When is the last time you read a book? A book that you actually wanted to read…not for school.
I have always been a fan of reading. Whether I am at the beach, on a train, or just happen to have free time before bed, I usually pick up a book to read. Recently, however, I have noticed that my time perusing social media has taken away a lot of opportunities for reading. I tell myself I don’t have enough time to read during the school year, however I spend hours mindlessly scrolling through Facebook, Instagram, and Snapchat.
This got me thinking about social media and digital business’ effects on the book/publishing industry. Everyone knows that bookstores such as Borders have gone out of business because of digital books and online companies such as Amazon. We know that the ways books are bought and read have changed, but has our increasingly digital world led to less reading and fewer books being published?
Despite my initial thoughts that digital and social were having adverse effects on the book industry, my research proved otherwise. In 2011, Fast Company published an article in which they discussed similar concerns that social and digital would kill the industry. They feared that people would turn to blogs, social media platforms, and e-books, and therefore destroy the publishing/book industry. However, articles currently being published on this topic speak highly of the advantages social media has created for the industry. A study conducted by the Pew Research Center found that millennials, who are criticized for their use of social media and internet, are actually reading more than people over 30.
The publishing/book industry can attribute much of its current and continued success to its adaptation to social and digital.

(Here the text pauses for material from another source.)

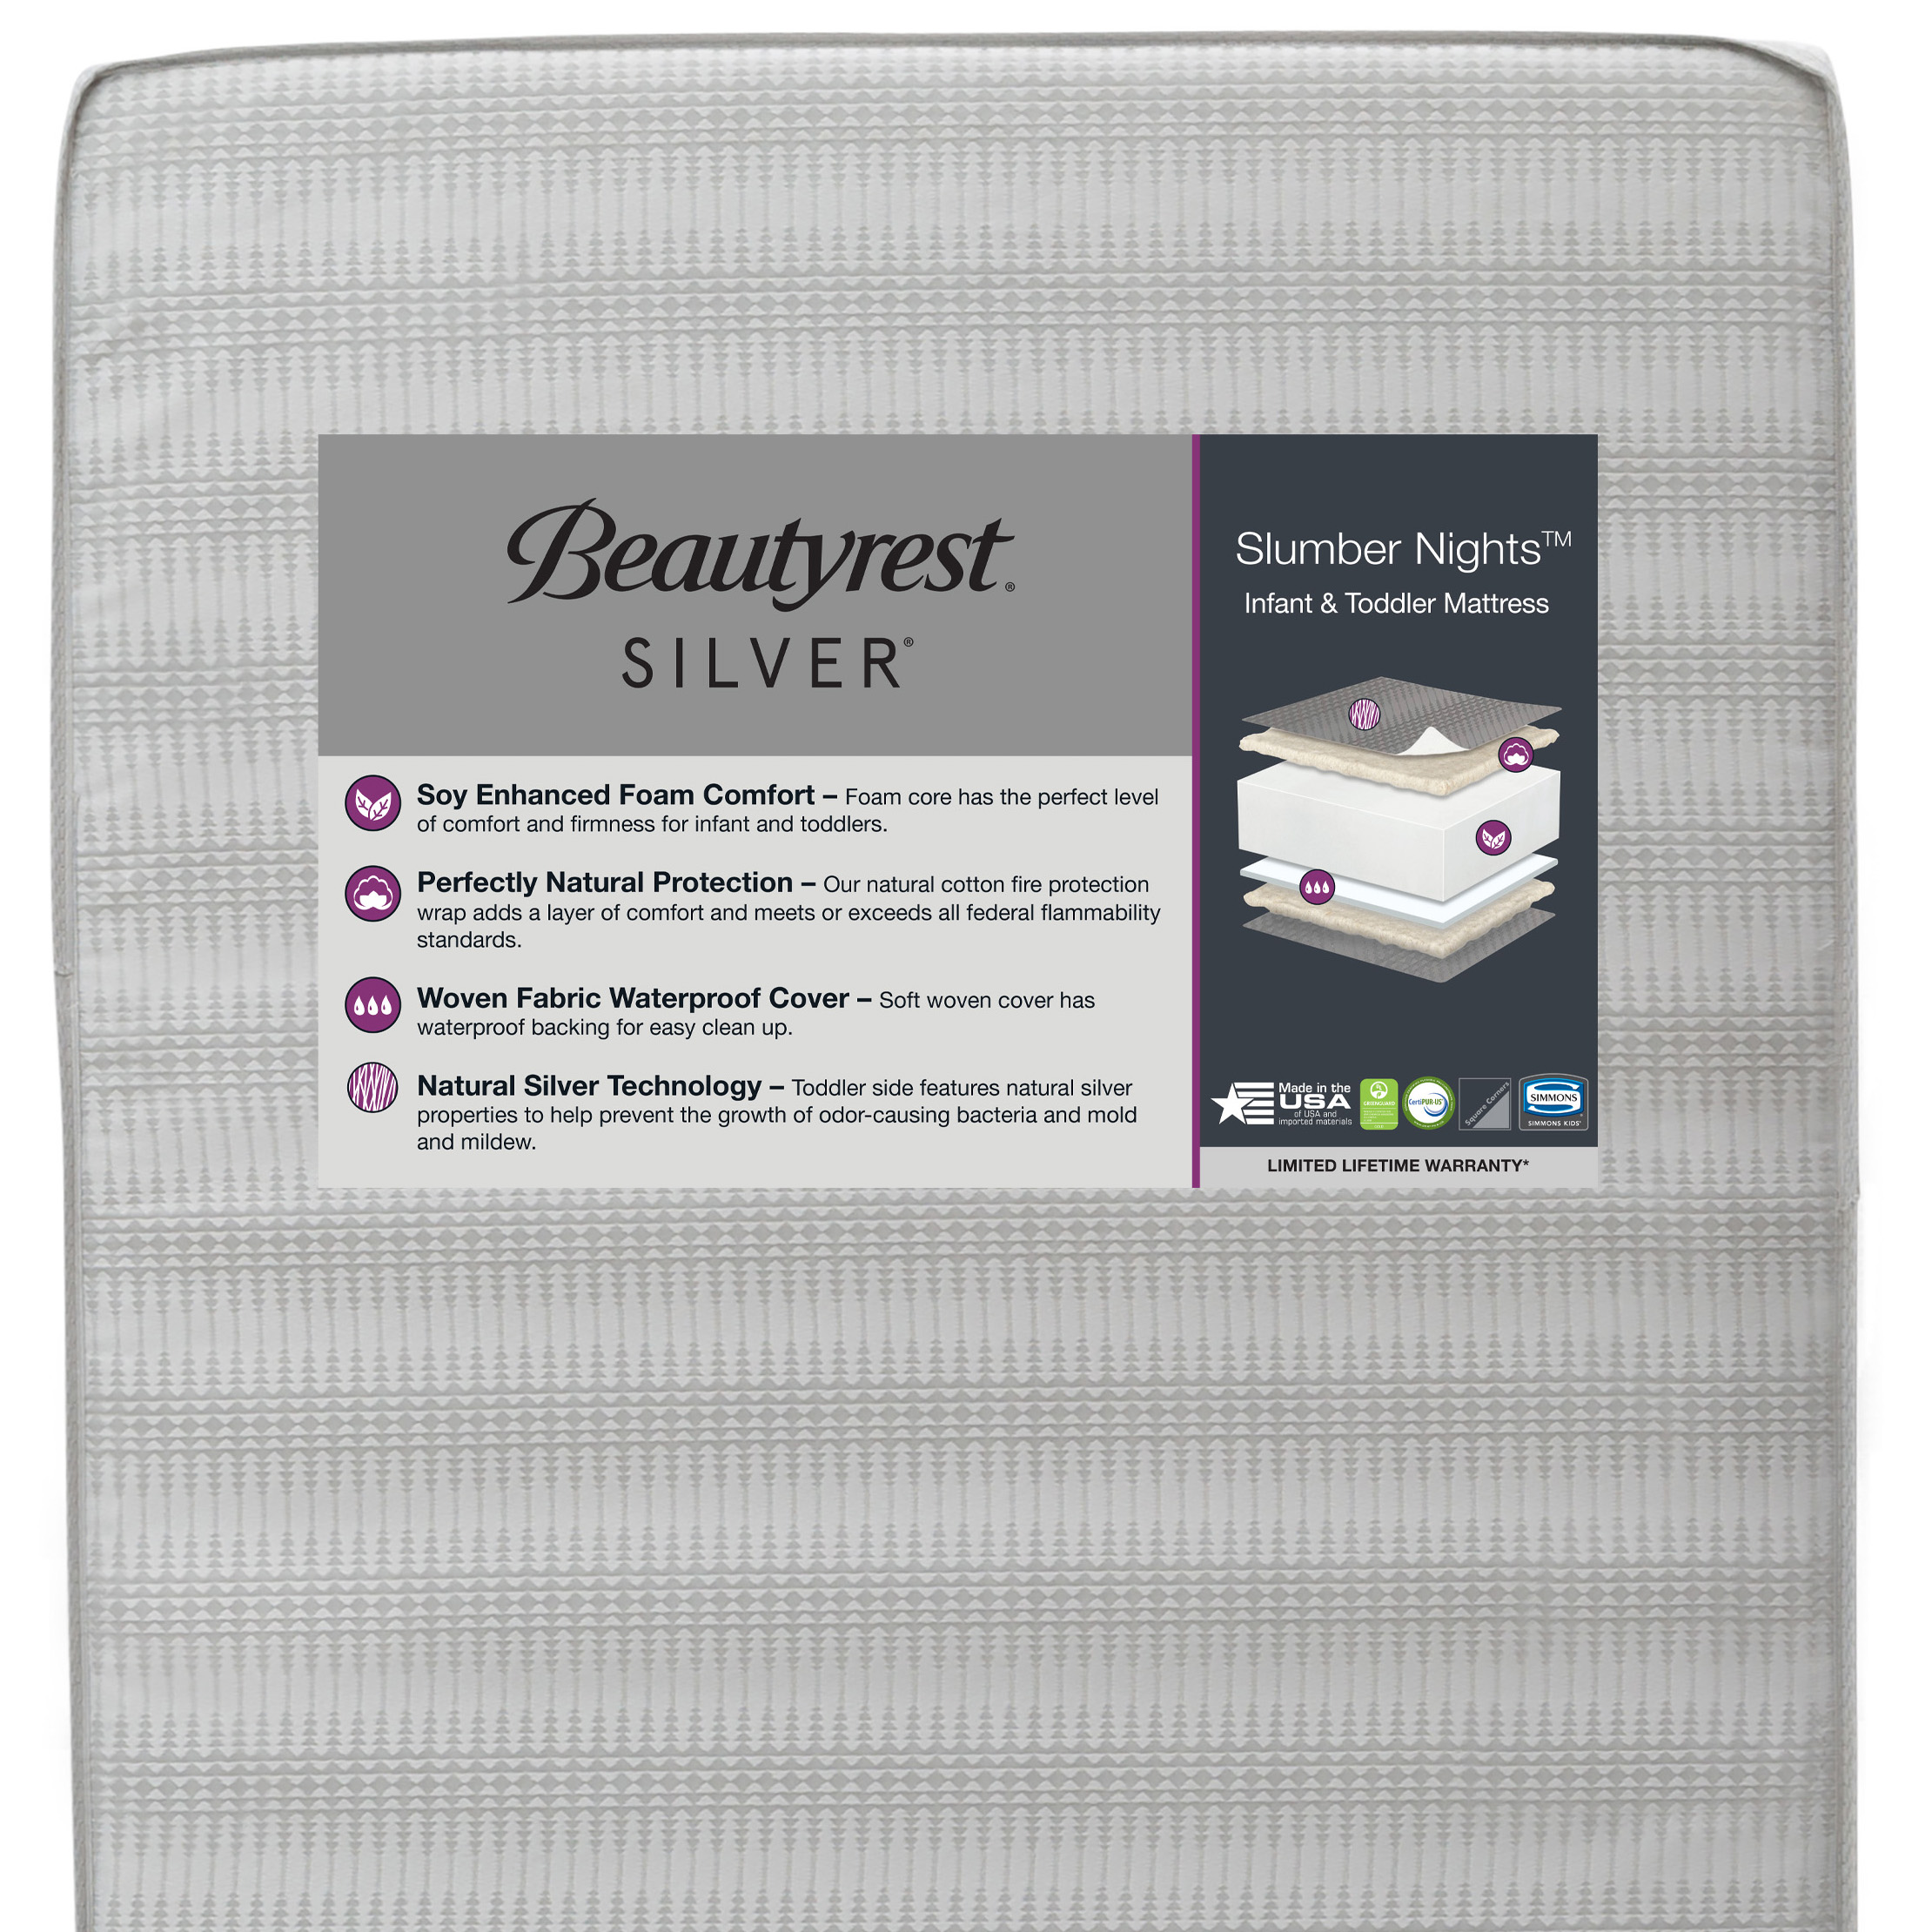 Beautyrest Silver Slumber Nights 2-Stage Antimicrobial Crib & Toddler Mattress, Soy Foam Core - image 1 of 10

The industry has been able to successfully leverage these tools to increase reader engagement and interest. The following discusses three ways in which they are using these tools.
Social media allows for the creation of online communities of people with similar interests. Publishers and authors can target these communities with content they know is relevant to that group. This improved targeting means a reduction in advertising dollars that are wasted on uninterested audiences. Additionally, this is a great way to raise awareness of new books. The members of the communities will be able to engage with one another to share reviews or other content about a book. This use of online word of mouth can be very beneficial to authors or publishers who are trying to bring attention to their works.
Similar to any other company or industry, publishers and authors can use social media to build strong brands. If readers and consumers are aware of this positive brand image, it can create more loyal readers. This ensures future purchases, positive word of mouth, and more engagement. It also allows for smaller publishing companies or self-published authors to build their brand without needing to pay for expensive marketing budgets. Social media gives them the opportunity to inexpensively build their brands and promote their work.
Social media has opened paths of communication between parties who were not able to communicate in the past. Fans can now feel a closer connection to their favorite authors through social media accounts. Whereas book discussions typically took place orally, they can now be done on social platforms, and even include the authors. Additionally, publishers can connect with readers online. This is beneficial because publishers can see what readers are saying, what they are interested in, and popular trends that are being discussed among readers.
Although my research did not give exact statistics on the number of books read, it seems that the rise of social and digital is not having a detrimental effect on the industry. The industry is definitely changing; however, so far they have been able to use these changes to their advantage. As a book lover, it is comforting to know that authors and publishers are not being intimidated by book substitutes such as blogs or social media sites.
Do you think they will continue to survive in our increasingly digital and social world?